В комнату вбежал маленький мальчик. "Где-то я уже его видела", — успела подумать она и прижала его голову к себе.
Вошел муж.
— Что-то случилось? Почему ты плачешь?
— Это от радости, — голос, прорывающийся сквозь глухие рыдания, был еле слышен.
— Я уезжаю в посольство, нужно сдать документы. Сегодня последний срок. Французы народ необязательный, еще месяц наверняка протянут, а мой контракт начинается как раз с тридцатого сентября. Надо спешить.
— Мы никуда не едем. — Лера собрала остатки сил.
— Как не едем?
— Мы никуда никогда не поедем. Мы останемся здесь. И не задавай мне больше вопросов. Она решительно поднялась и, оставив Сергея Ивановича остолбеневшим, вышла из дома.
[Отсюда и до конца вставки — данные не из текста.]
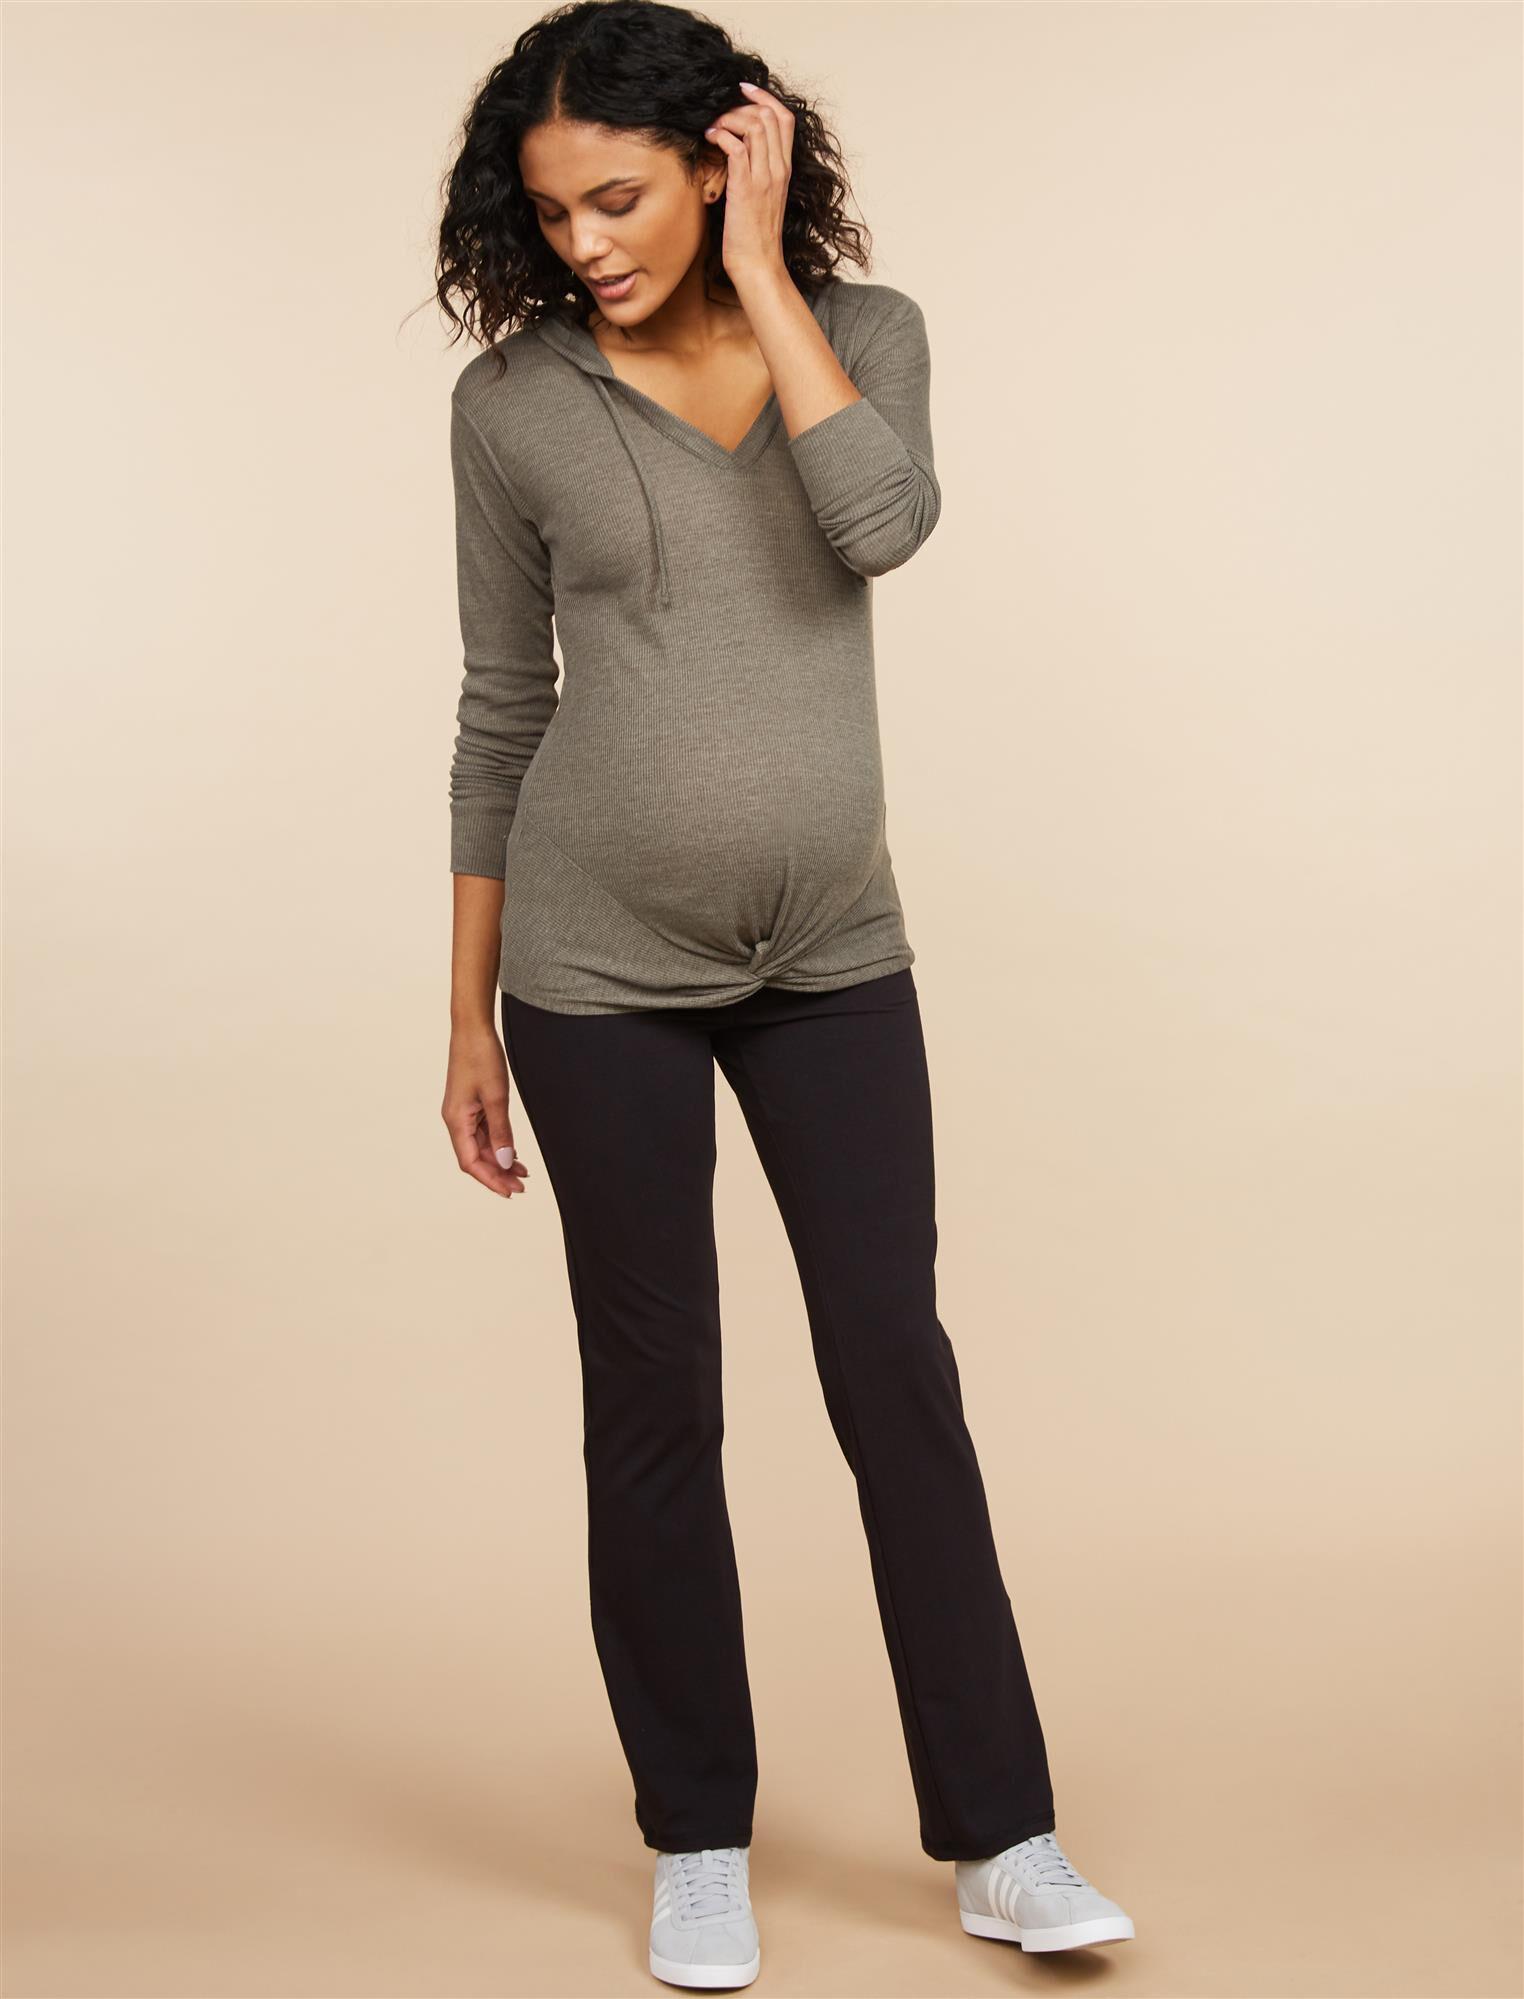 Foldover Belly Boot Cut Maternity Yoga Pants
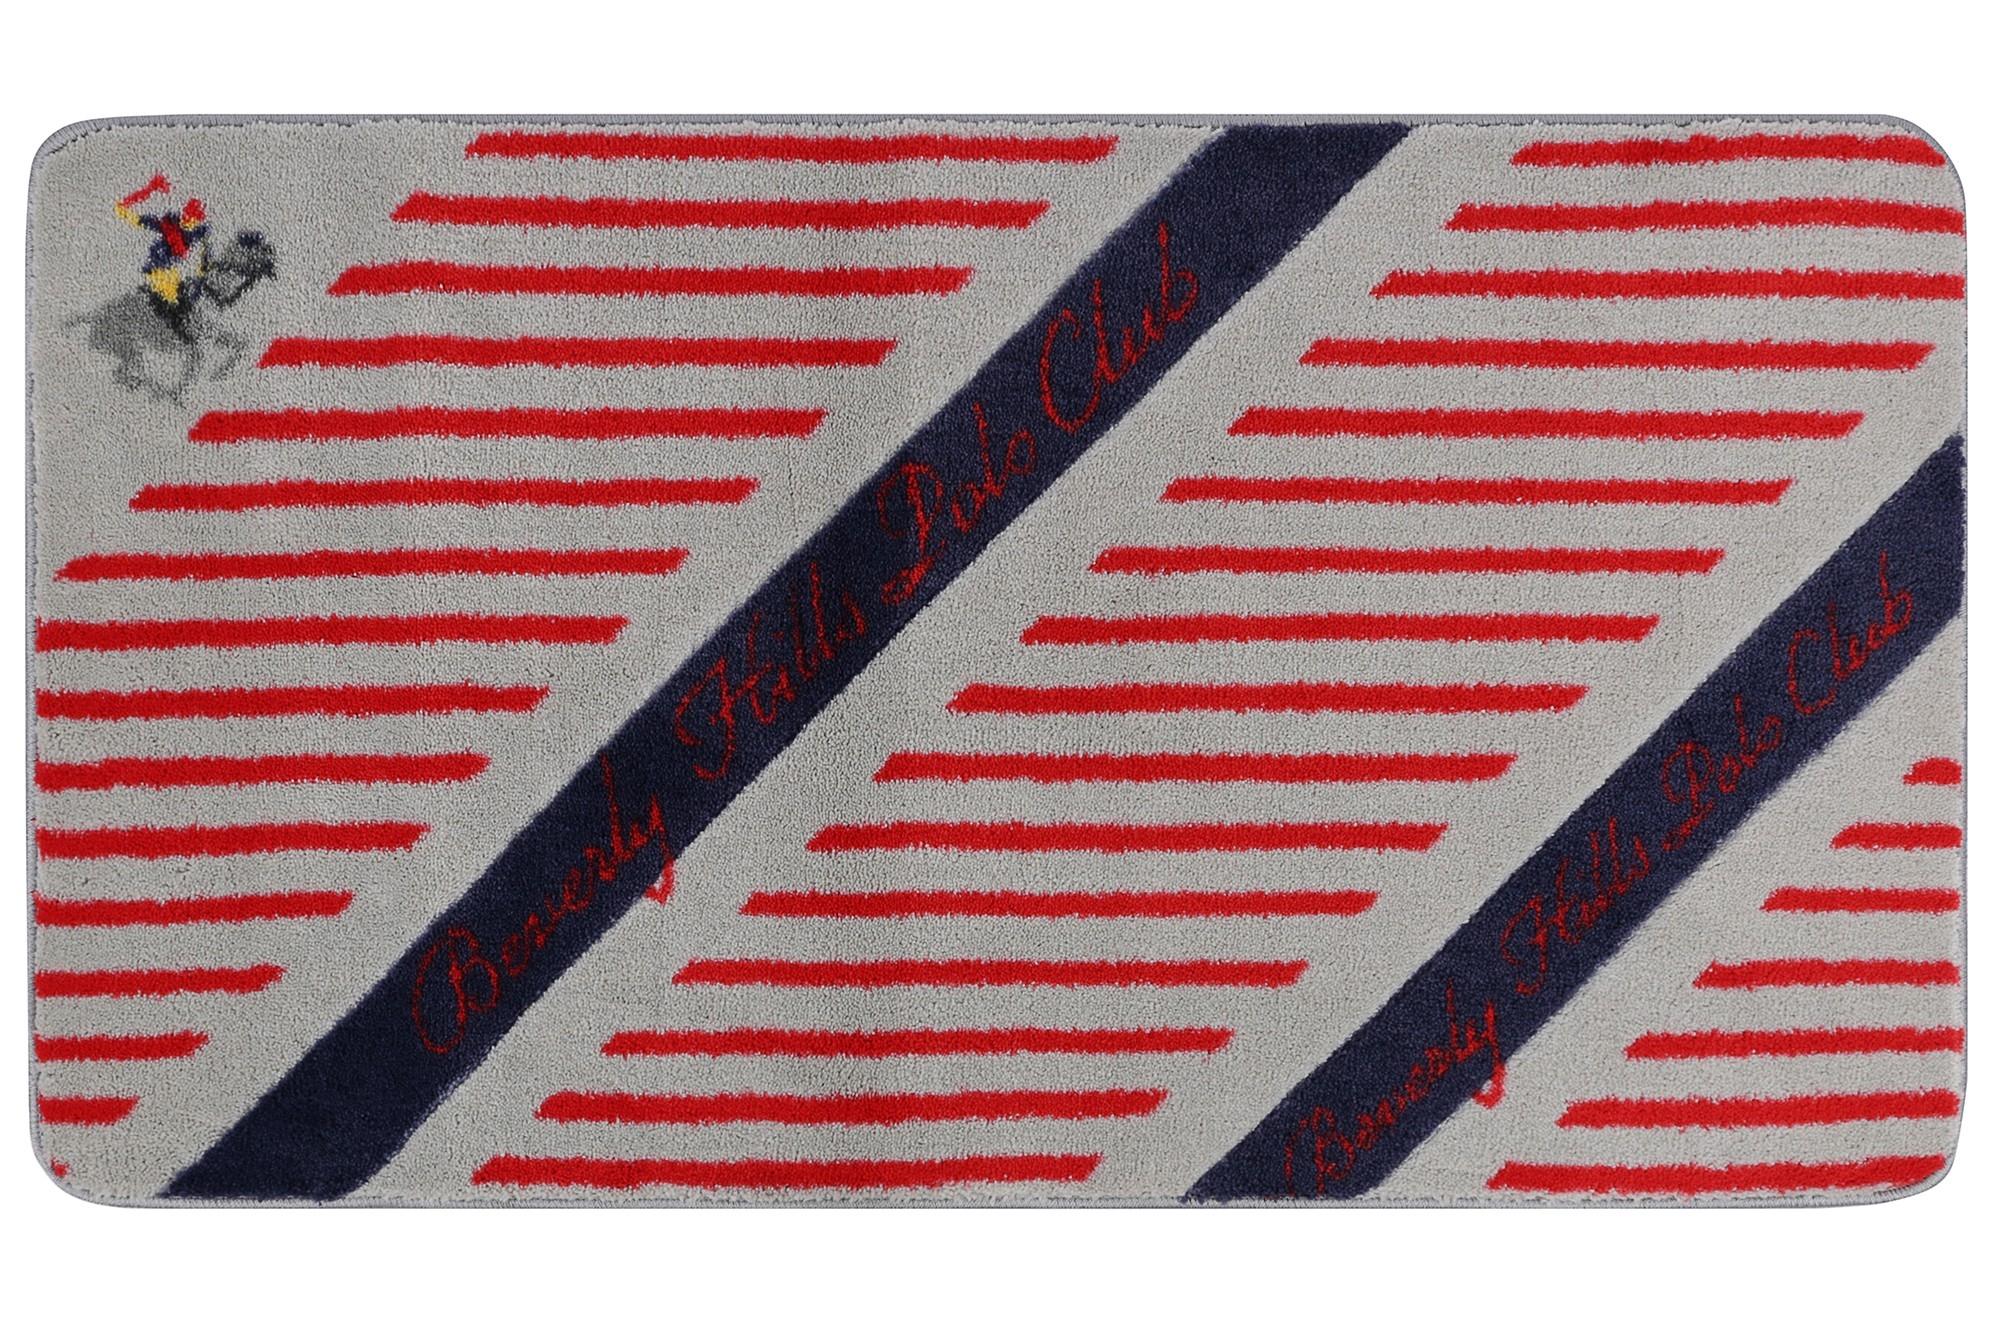 Covoras pentru baie Beverly Hills Polo Club 312 Rosu / Gri / Bleumarin, 67 x 120 cm imagine

Стояла зима. Над голубым куполом мусульманской мечети рядом с ее домом сияло такое же голубое, только морозное московское небо.
* * *
"Даунята не наказание и рождаются не случайно. Они не могут грешить. Может быть, это дети из будущего, родившиеся не в то время? — почему-то подумала она. — Но кто посылает их к нам? Кто проверяет нас отношением к ним? Кто отбирает из нас лучших?"
На XI Международном конкурсе артистов балета, где китаянка Вентинь превратила зеленоватую ящерицу в околочеловека, "Косточка", как ее называла Елена Петровна, получила первую премию.